Exercise brief -
When you reach the line with "Natural Garnet Band, 7X5" in the records below, begin transcribing exactly and continue up to and including the line with "中国农业银行金融IC卡版高清中国企业事业宣传片公司单位宣传片_batch", leaving out every picture.

Records to use -
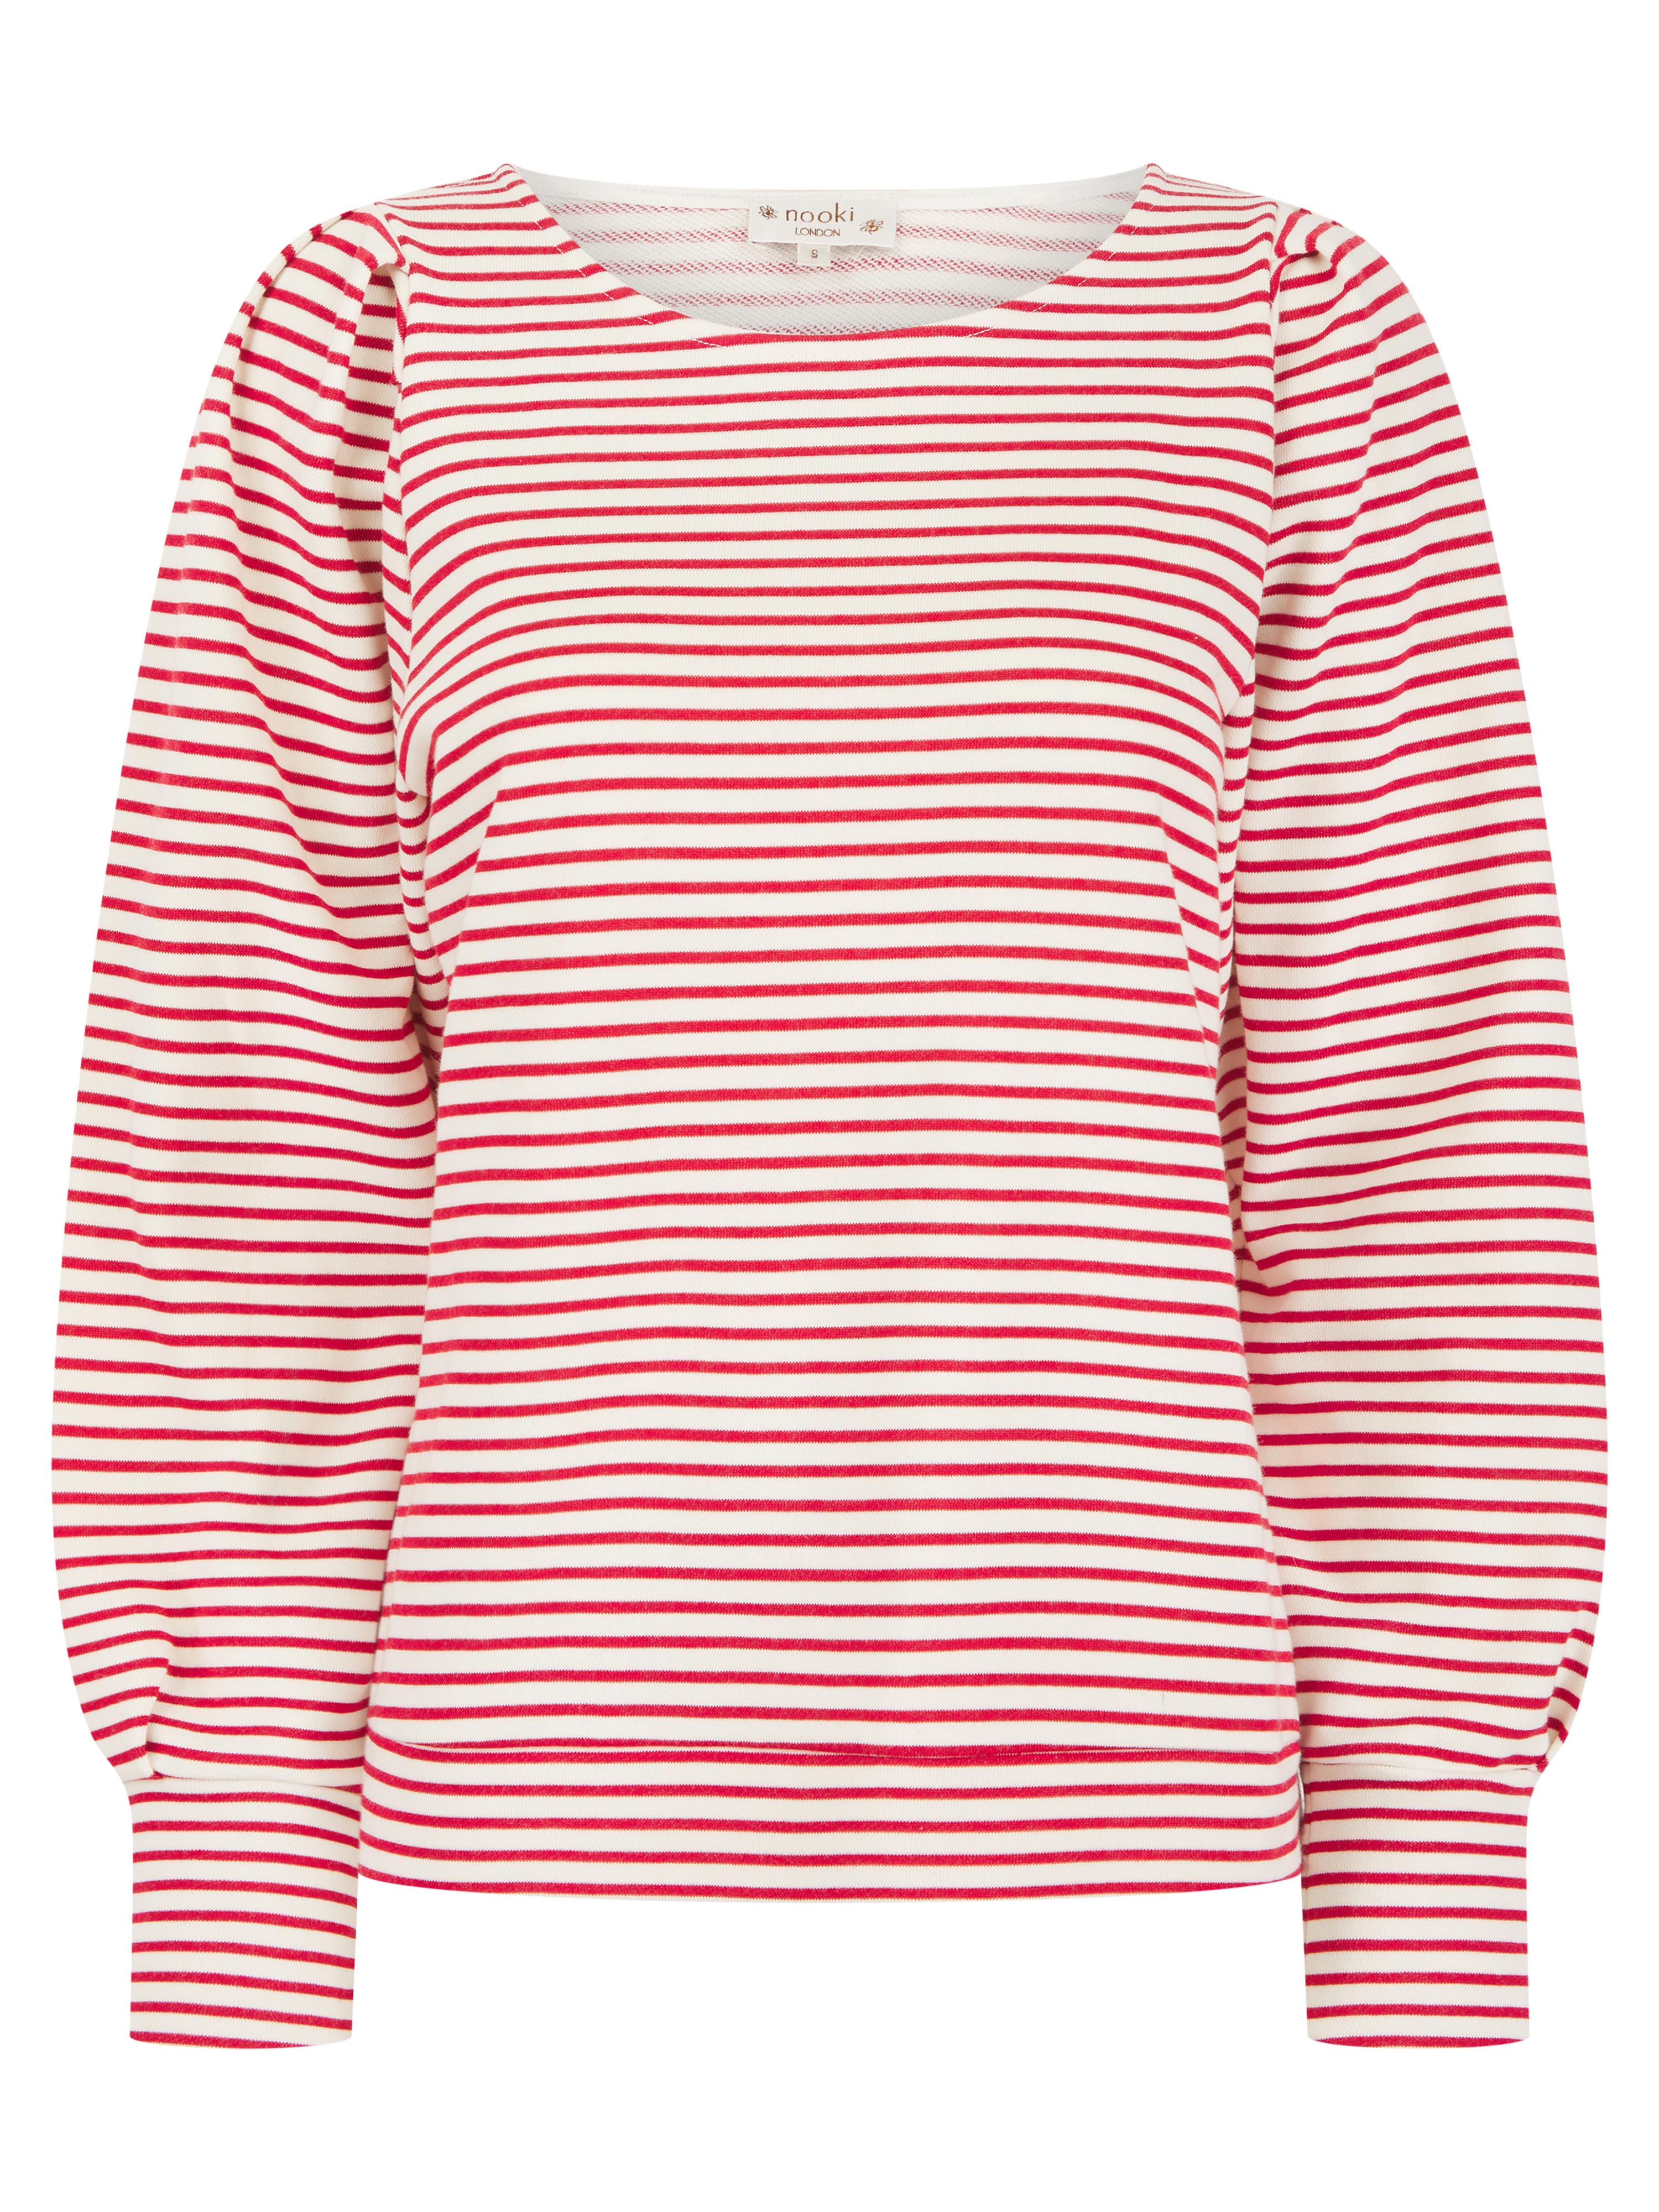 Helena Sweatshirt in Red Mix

--

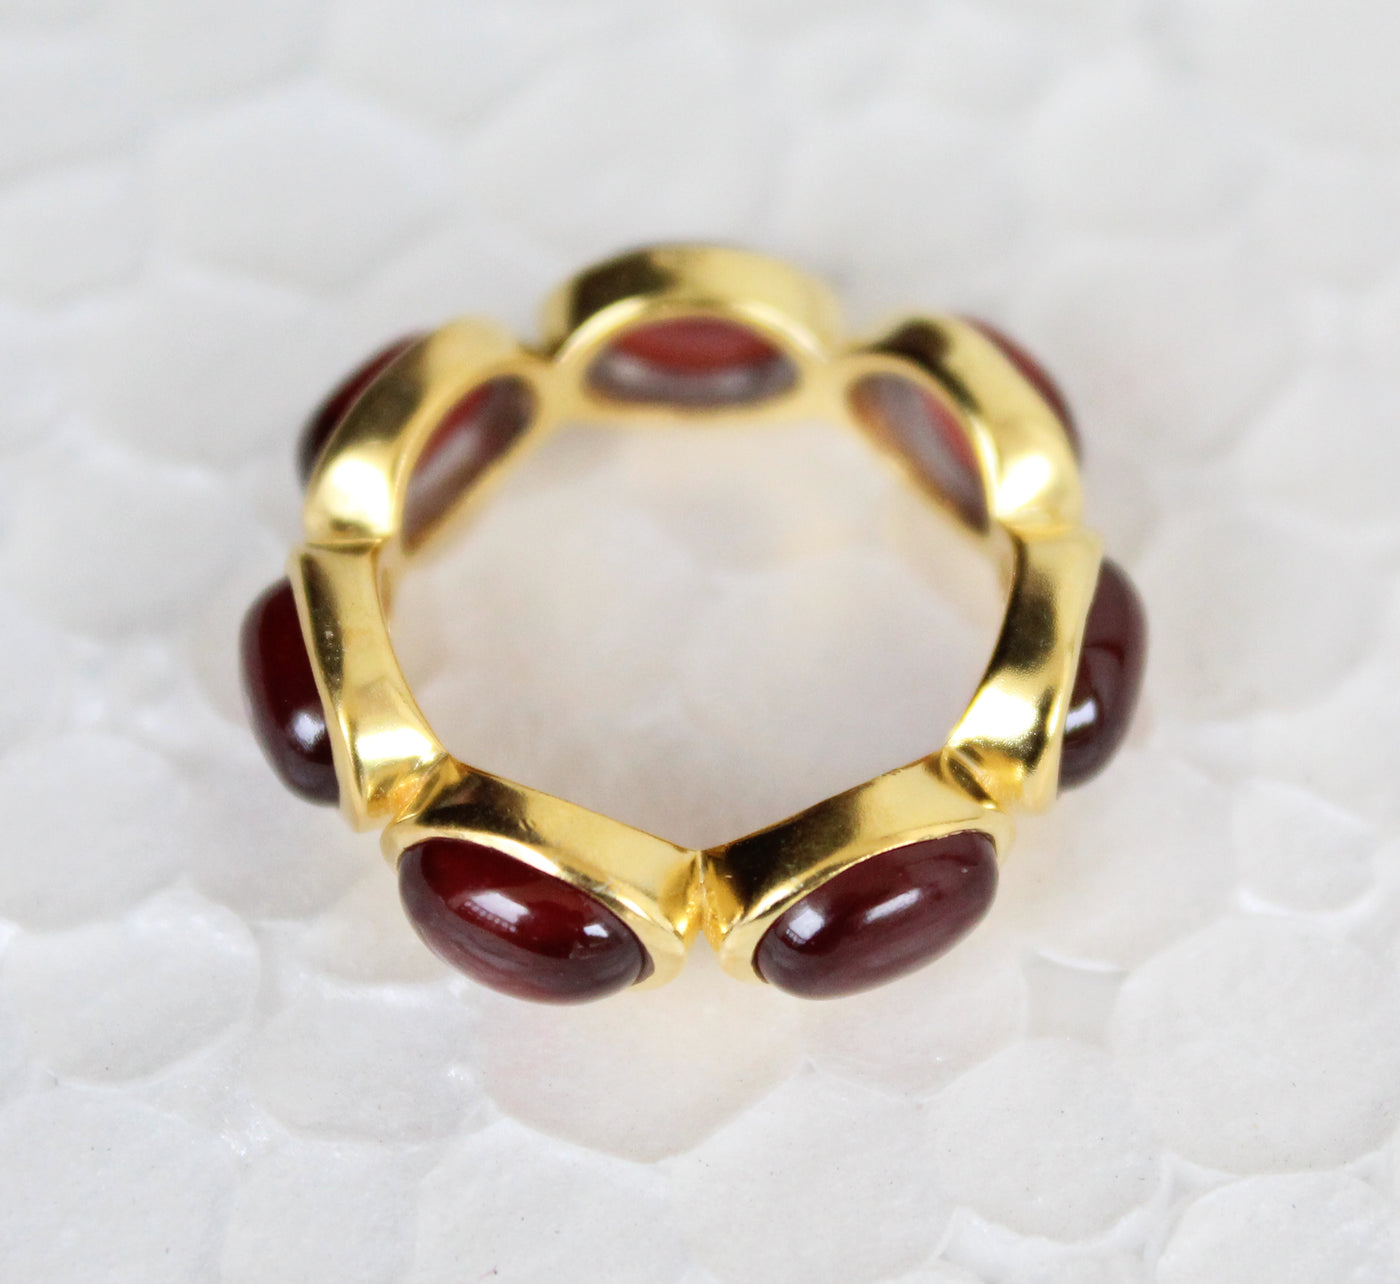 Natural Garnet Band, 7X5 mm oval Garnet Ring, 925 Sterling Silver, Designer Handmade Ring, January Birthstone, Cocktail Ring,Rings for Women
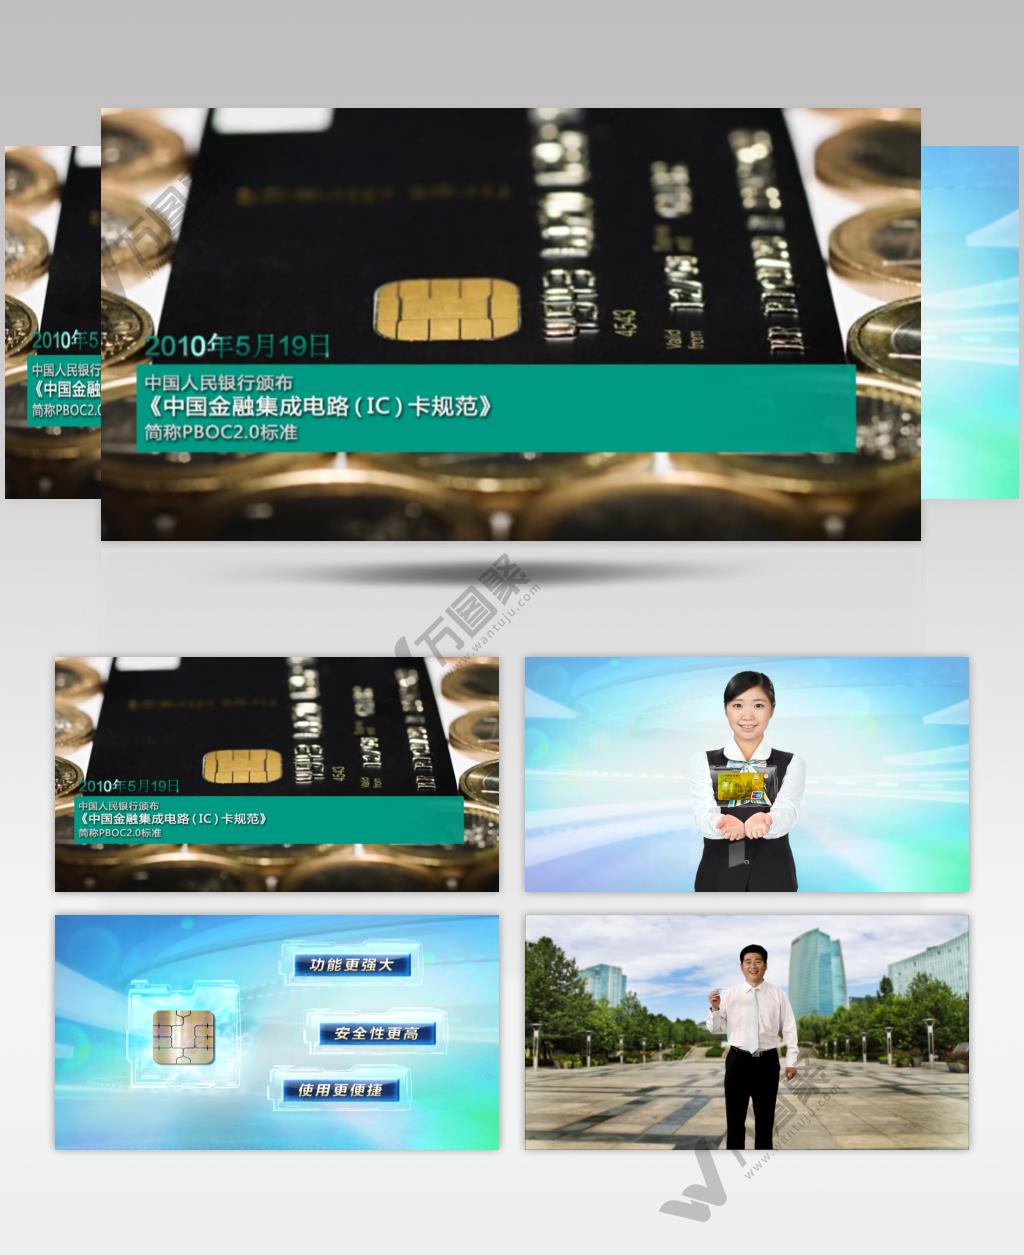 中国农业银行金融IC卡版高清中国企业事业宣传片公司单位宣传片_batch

Task answer -
 Natural Garnet Band, 7X5 mm oval Garnet Ring, 925 Sterling Silver, Designer Handmade Ring, January Birthstone, Cocktail Ring,Rings for Women
 中国农业银行金融IC卡版高清中国企业事业宣传片公司单位宣传片_batch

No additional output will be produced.